22/12/2010

às vésperas do natal

Pe. Alfredo J. Gonçalves, CS
“O que fostes ver no deserto,
um caniço agitado pelo vento?” (Lc 724b)
A metáfora do “caniço agitado pelo vento” se presta como uma luva para os dias que correm. De fato, um simples olhar às ruas, praças e corredores dos shoppings centers é suficiente notar como parecemos “caniços” agitados pelos ventos do marketing, da propaganda e da publicidade.

Um exemplo apenas um: lançado novo produto, shampoo dois em um, que “acaba com a caspa e, ao mesmo tempo, hidrata os cabelos”. Apelo comercial: “você não pode viver sem ele!”. A insistência no apelo e a obsessão em apregoar as qualidades do produto revelam exatamente o contrário: você pode, sim, viver sem ele! A ânsia mercadológica mascara a mensagem, fala pelas entrelinhas, nega-se a si mesma. A propaganda estridente sinaliza para o vazio e a inutilidade do objeto. Por outro lado, o apelo dirige-se ao desejo de posse daquilo que está exposto na vitrine, envernizado por luzes e enfeites. Desejável, porque simultaneamente próximo e distante. Mas o desejo de posse se desfaz no exato momento da compra. Esta, ao tornar seu o que parecia um sonho impossível, dilui automaticamente o desejo. A magia derrete-se com a própria aquisição. Mas faz nascer outros impulsos ou paixões, e assim por diante...
O mercado nutre-se dessa fome e dessa sede insaciáveis de comprar, ter, exibir, aparentar, inovar, competir. Fome e sede de novidades que, constantemente, morrem com a posse e renasce com novos desejos frente a produtos inéditos, ou simplesmente reciclados. Basta uma mudança no rótulo, na cor, no formato, nos ingredientes ou na embalagem, para que o velho se torne novo. Instala-se o círculo fechado e vicioso do “produzir e consumir”, no ritmo da matemática, tão veloz e alucinado que não deixa lugar nem tempo à reflexão. O anseio da compra substitui a pergunta pela necessidade. Com razão, Marx referia-se ao “fetiche da mercadoria”.

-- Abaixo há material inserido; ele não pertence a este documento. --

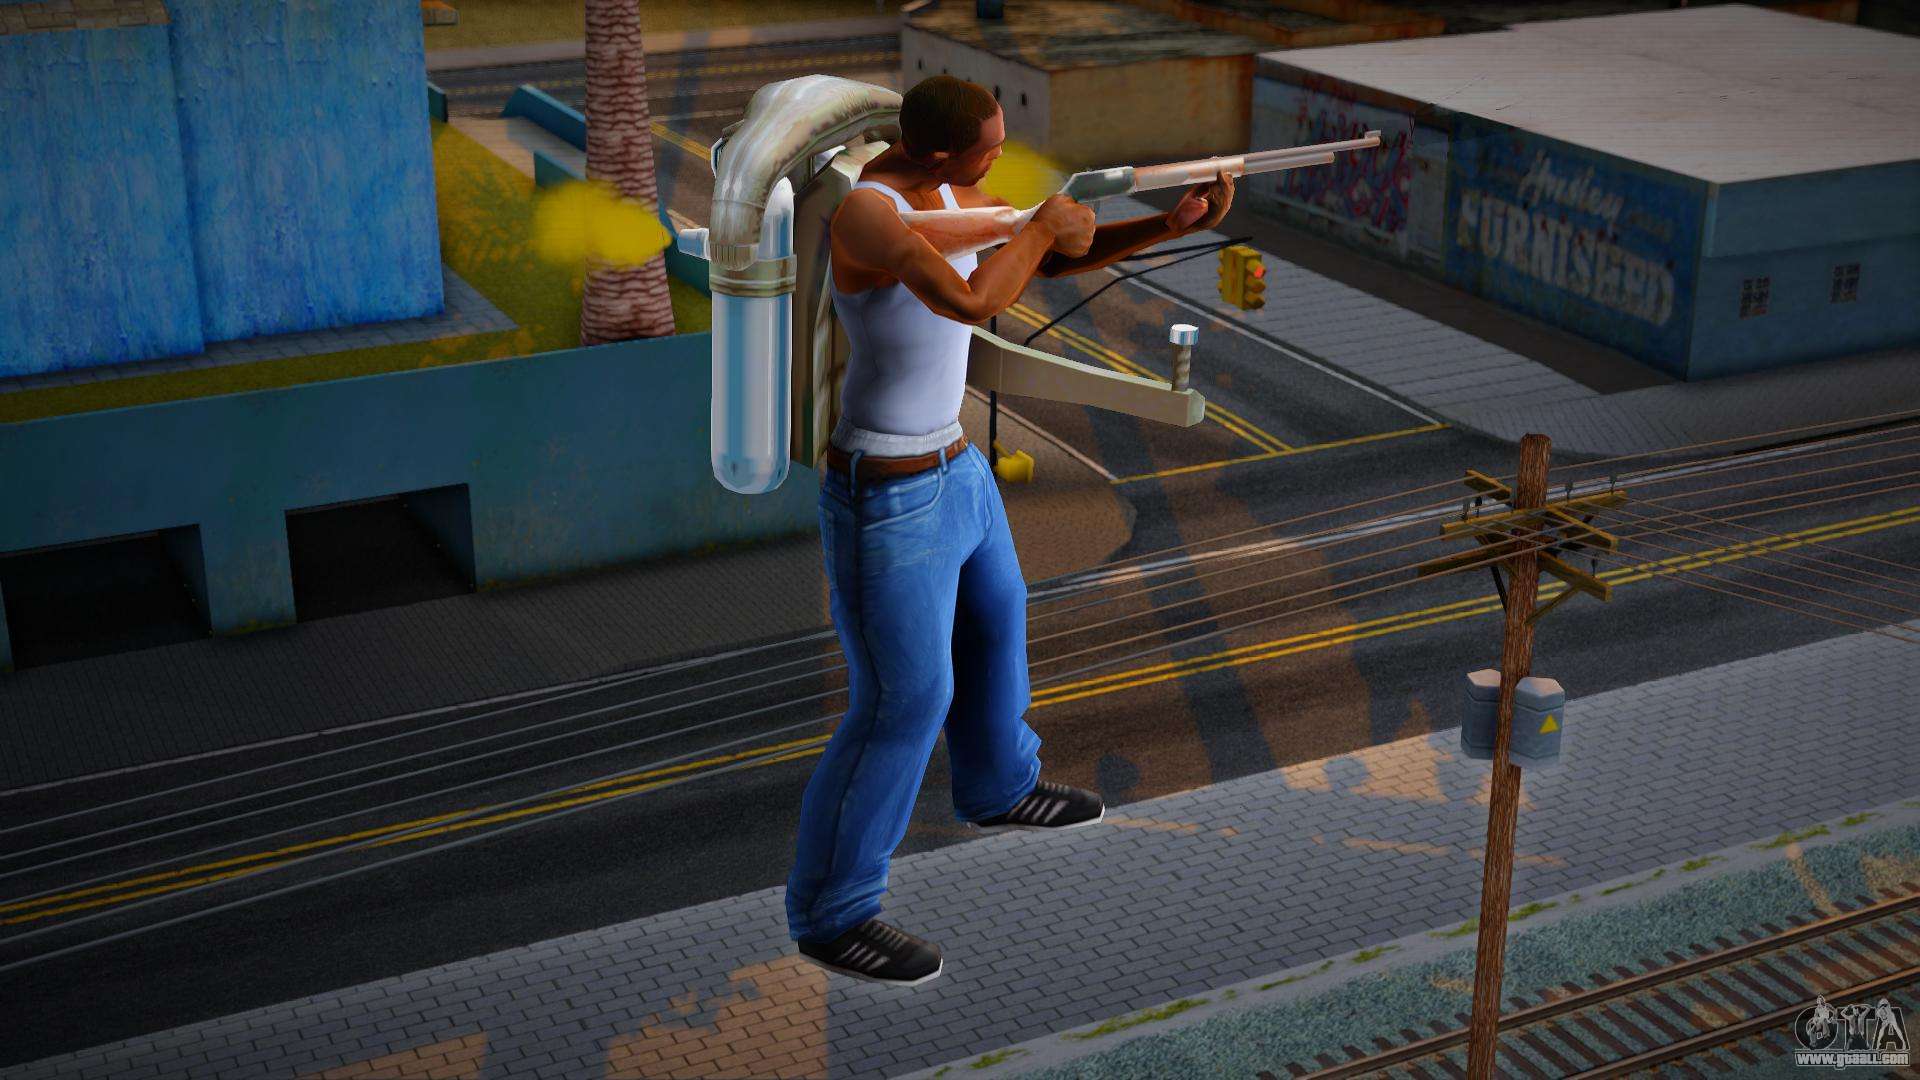 GTA San Andreas - Cadê o Game - Jetpack

Numa outra metáfora, a cidade às vésperas dos festejos natalinos, mais parece um imenso espetáculo de marionetes controlado pela gigantesca “mão invisível” do sistema capitalista, para usar a expressão de Adam Smith. Nesse palco de milhões de atores/consumidores embriagados, a poderosa mão transforma seus dedos em tentáculos que chegam aos quatro cantos do planeta, ou às mais íntimas dimensões do ser humano, tais como as relações de afeto, de família, de amizade... Penetra até no sacrário do que existe de mais sagrado.
A cidade vira um formigueiro humano, para terminar com uma terceira metáfora. Torrentes de pessoas se movem nos centros comerciais, num vaivém permanente, deslocamento centrípeto e centrífugo, onde não faltam gritos, promoções, cifrões, pechinchas, pacotes, empurrões... Mas, em meio a tudo isso, a alegria inebriante de diluir-se nessa multidão viva e ansiosa por novidades. Evidente que o cidadão tem o direito de adquirir aquilo para o que tanto trabalhou e com o que tanto sonhou. O conforto não pode ser privilégio de poucos. Graças a Deus, muitos brasileiros hoje podem ter acesso a produtos que antes estavam longe de seu bolso. Mas fica o alerta contra a embriaguez que nos torna “caniços, marionetes”, uma espécie de seres com opinião invertebrada, que o poder do marketing facilmente manipula e explora. Vale, pois, a advertência de Jesus narrada pelo evangelista Lucas. “O que fostes ver no deserto?”